━━ Given material

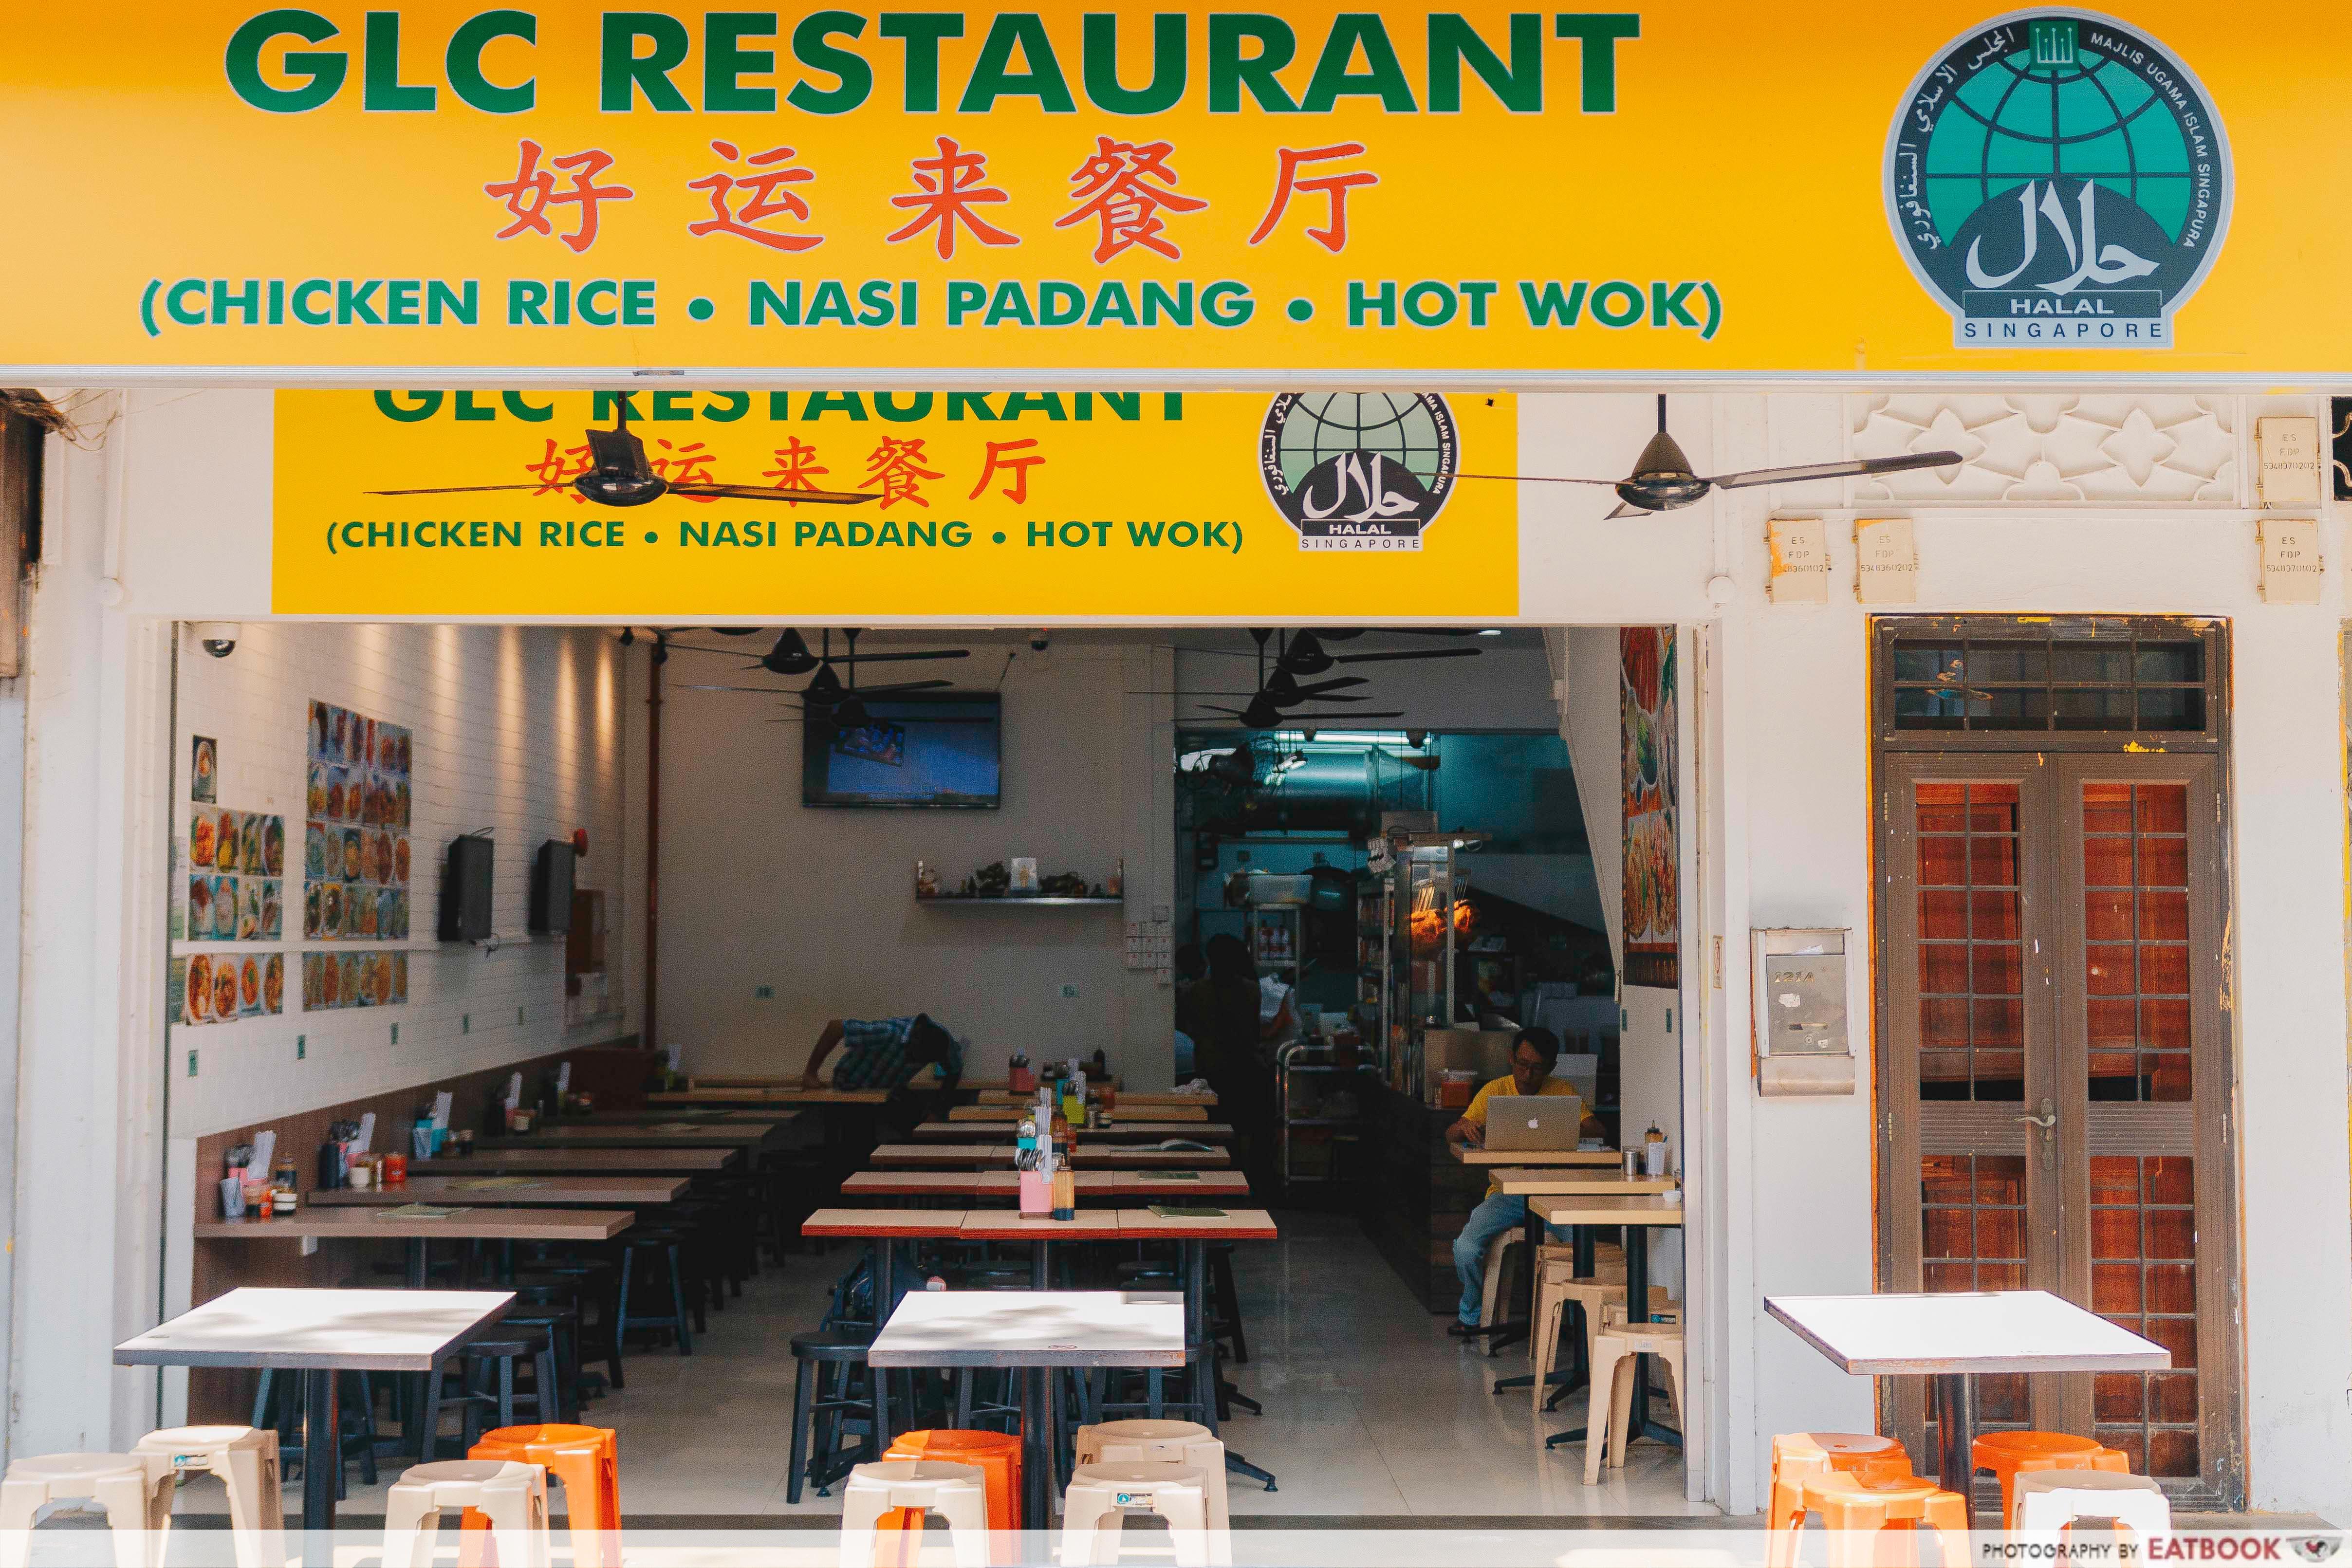 GLC Restaurant - storefront
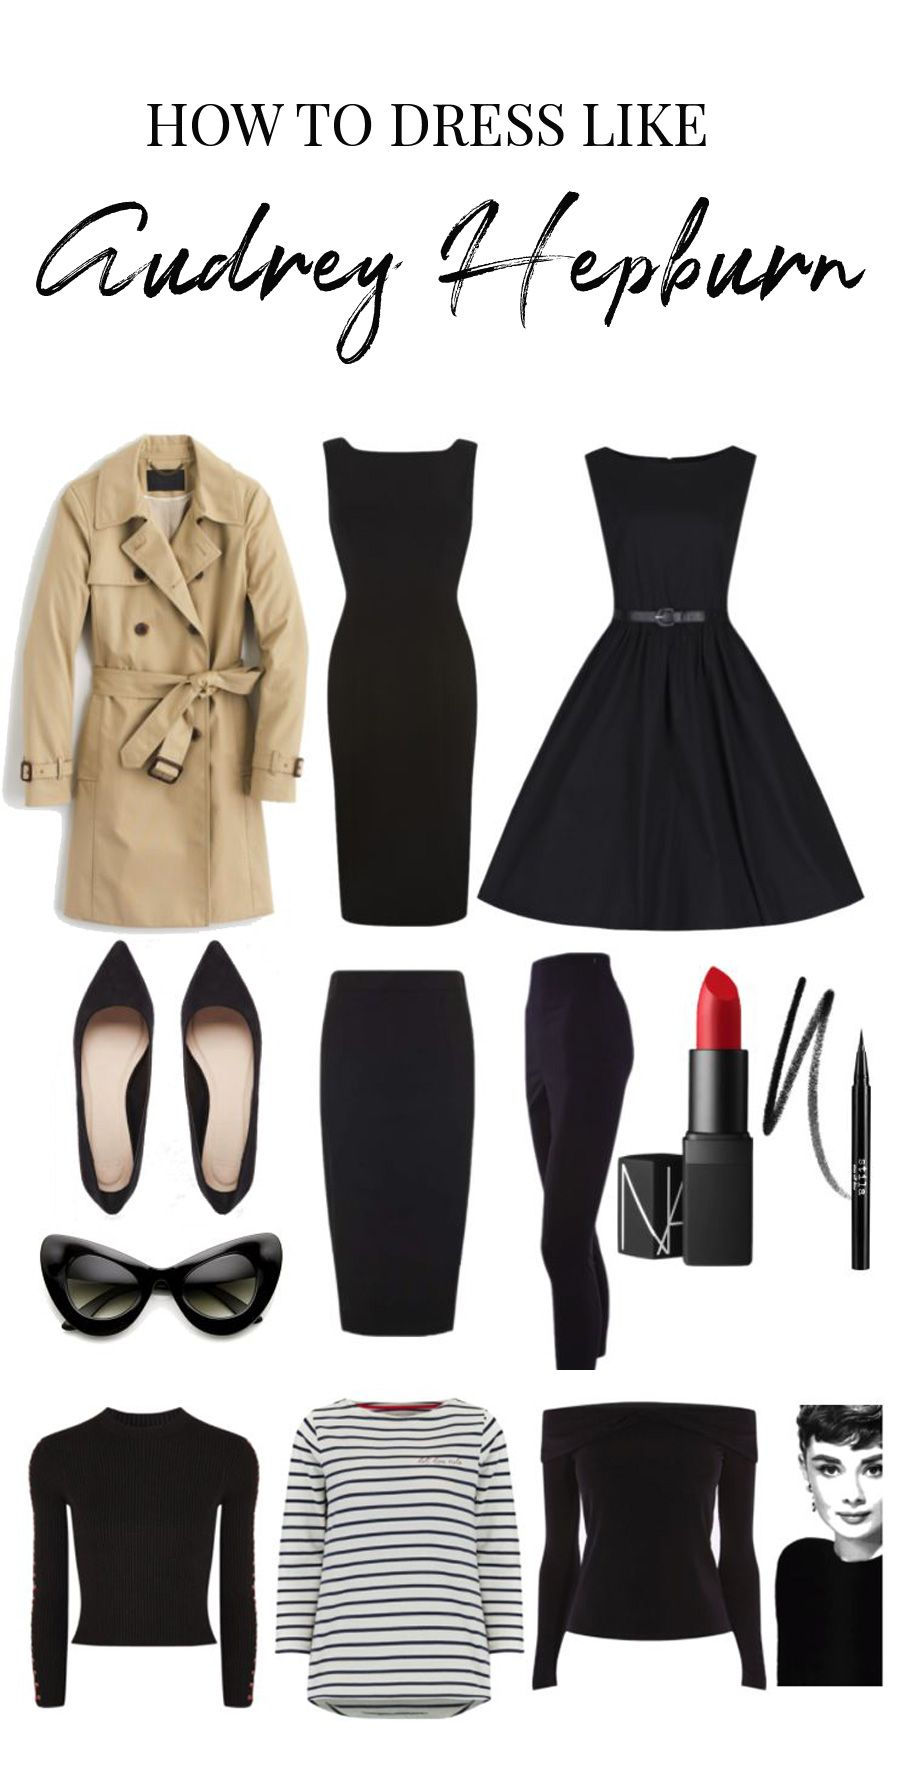 how to dress like audrey hepburn outfit ideas pinterest sch ne klamotten bekleidung und. Black Bedroom Furniture Sets. Home Design Ideas
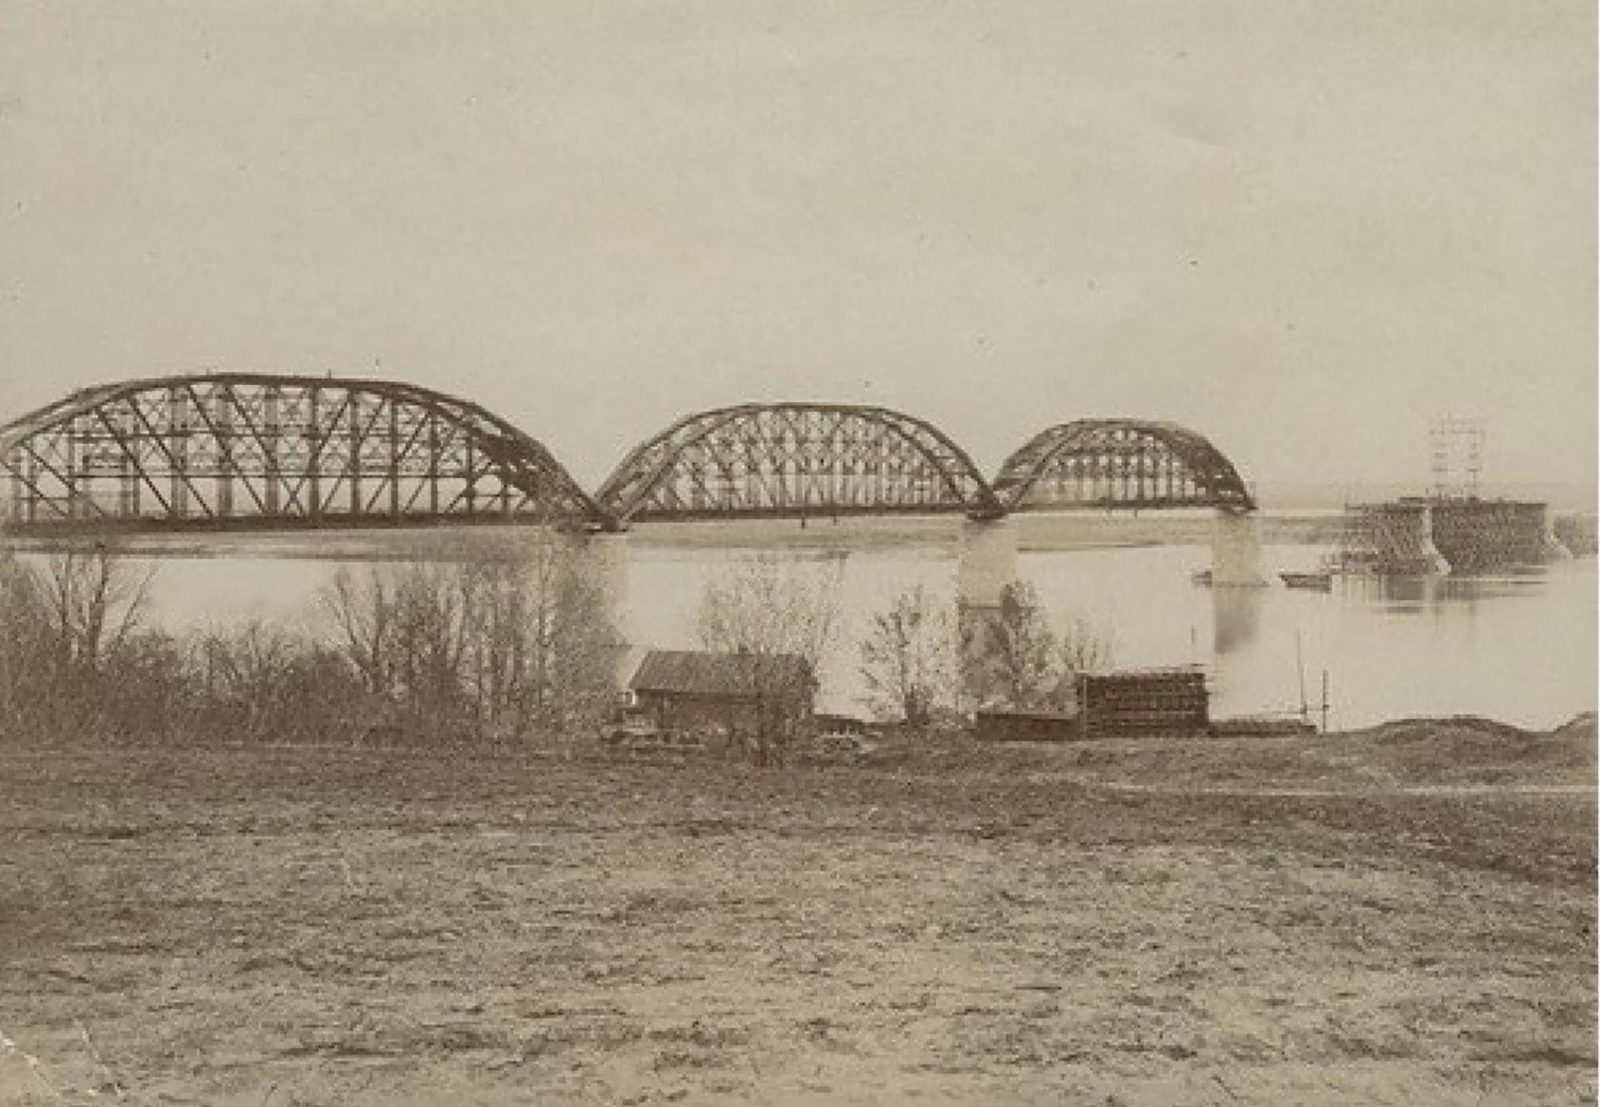 Railway bridge across the Oka River. Murom, Vladimir Province, Russia

━━━━

**Your objective**. Copy out exactly the lines from the one with "how to dress" through the end of the listing, both ends included, omitting any picture.

**Response box**.
 how to dress like audrey hepburn outfit ideas pinterest sch ne klamotten bekleidung und. Black Bedroom Furniture Sets. Home Design Ideas
 Railway bridge across the Oka River. Murom, Vladimir Province, Russia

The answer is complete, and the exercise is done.